I’ll try to explain how I see this issue a little better and why I’ve started using PwdHash and started changing my account passwords accordingly.
The Problem
Most folks I know have the same username at many different services. It’s just become something you do. When a new service is announced that looks even vaguely interesting, you go and sign up to reserve your username just in case it’s something you’ll want to use in the future. Most folks use the same password for all of these accounts as well.
As noted on the PwdHash web site:
The Common Password Problem. Users tend to use a single password at many different web sites. By now there are several reported cases where attackers breaks into a low security site to retrieve thousands of username/password pairs and directly try them one by one at a high security e-commerce site such as eBay. As expected, this attack is remarkably effective.
This is the crux of the problem. You are now trusting your account security at all of the sites you’ve signed up at to the security at some random service you signed up for 2 years ago which has long since gone tets up. That should make you nervous.
Non-Solutions
Using Hard to Guess Passwords
While Geof points out a great way to create hard to guess/easy to remember passwords – you just can’t remember enough unique passwords to have one for every site.
Tiers
When I was re-using passwords and multiple sites, I had tiers
of passwords. I was using one password for random little sites, another for more critical sites and a handful that were used for only for financial sites, etc.
This certainly helps to mitigate your risk, but it isn’t a solution. There are lots of problems with this approach – first and foremost that it doesn’t solve the problem. Also, sites will fluctuate between your “tiers” over time.

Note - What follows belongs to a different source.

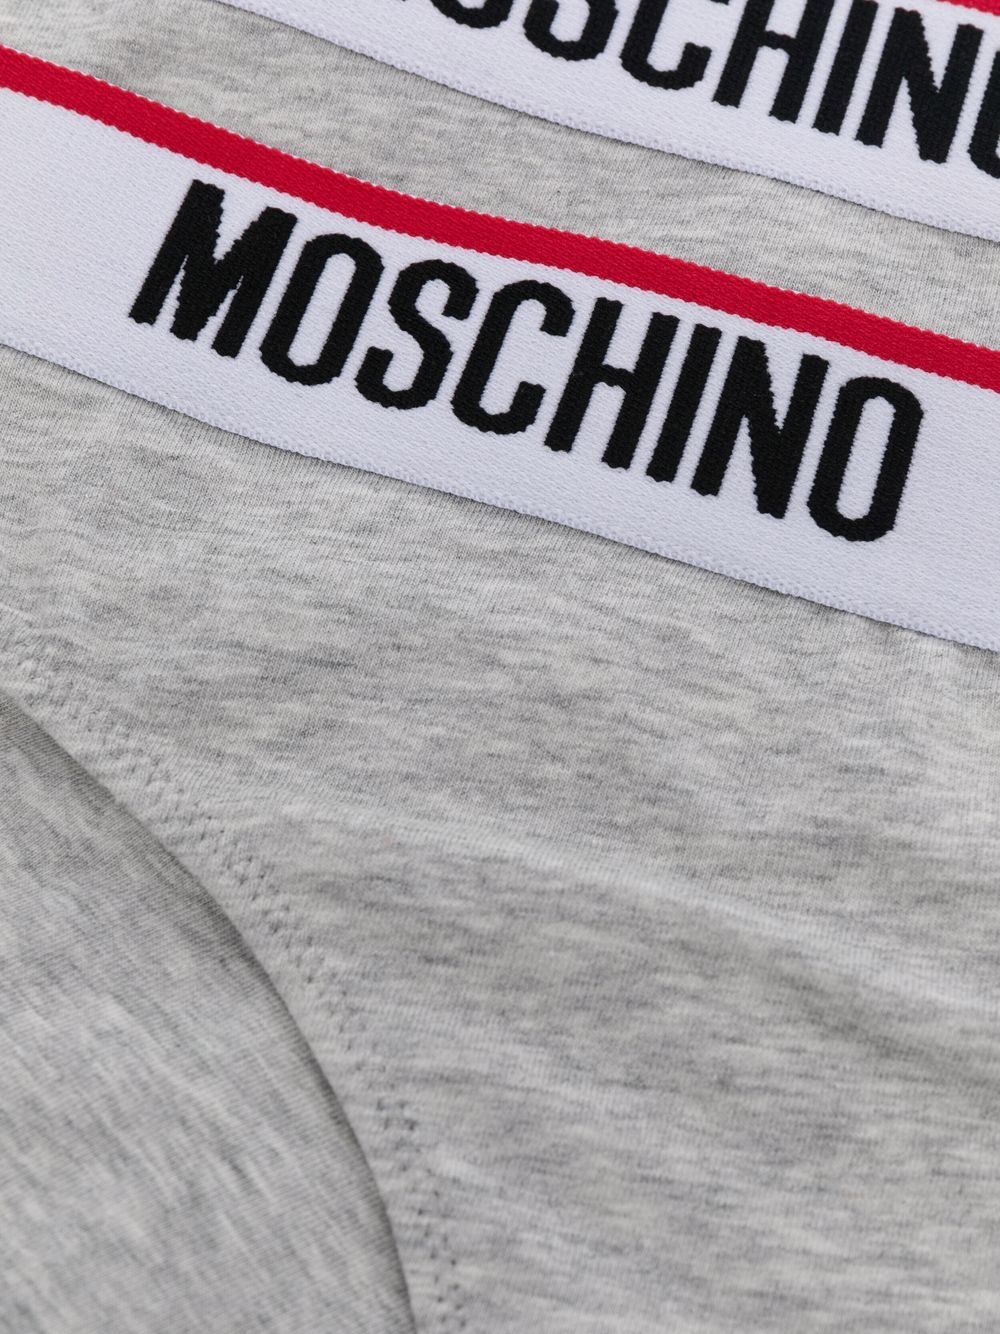 фото Moschino трусы-брифы с логотипом

That hot-new-site.com that was crucial a year ago may be long forgotten today with their doors closed and their IP and customer data sold off, but you’re still trusting all of your data in all of the sites in that tier to hot-new-site.com. Tiers aren’t a solution.
Store Them in Your Browser
Letting your browser save all your passwords sure is an easy solution. You just click the ‘save’ button when you log in and you can use a unique password for each site and you don’t have to think about it again. Of course, it also means that anyone using your computer will have access to your accounts. Obviously, not such a good idea.
Sure, the vast majority of the time it’s not a problem, but sometimes things don’t go as you planned – for whatever reason. Having all of your passwords saved in one place ready to be auto-filled into the appropriate web sites isn’t a good thing. “But I use Firefox’s Master Password feature.” Congratulations, you’ve added a single point of failure – that isn’t so good either.
But that isn’t the real problem with this approach. The real problem is what you do when you get to work or get home and can’t remember the new unique password you created for a site when you were at a different computer. Which brings us to…
Trust Them to Google
Dan points out Google Browser Sync as a solution to making sure all of your computers have all of your passwords. Of course, this exacerbates the problem of storing your passwords in your browser in the first place (especially if you’re talking about having them on “3 macs […] and a couple linux and windows boxes”), but let’s ignore that and move along.
Let’s even set aside the whole “trusting your life to Google” argument1, because that’s a rats nest we really don’t need to visit right now. The real reason that a “browser sync” isn’t a solution is that you will need to use browsers that aren’t sync’ed from time to time.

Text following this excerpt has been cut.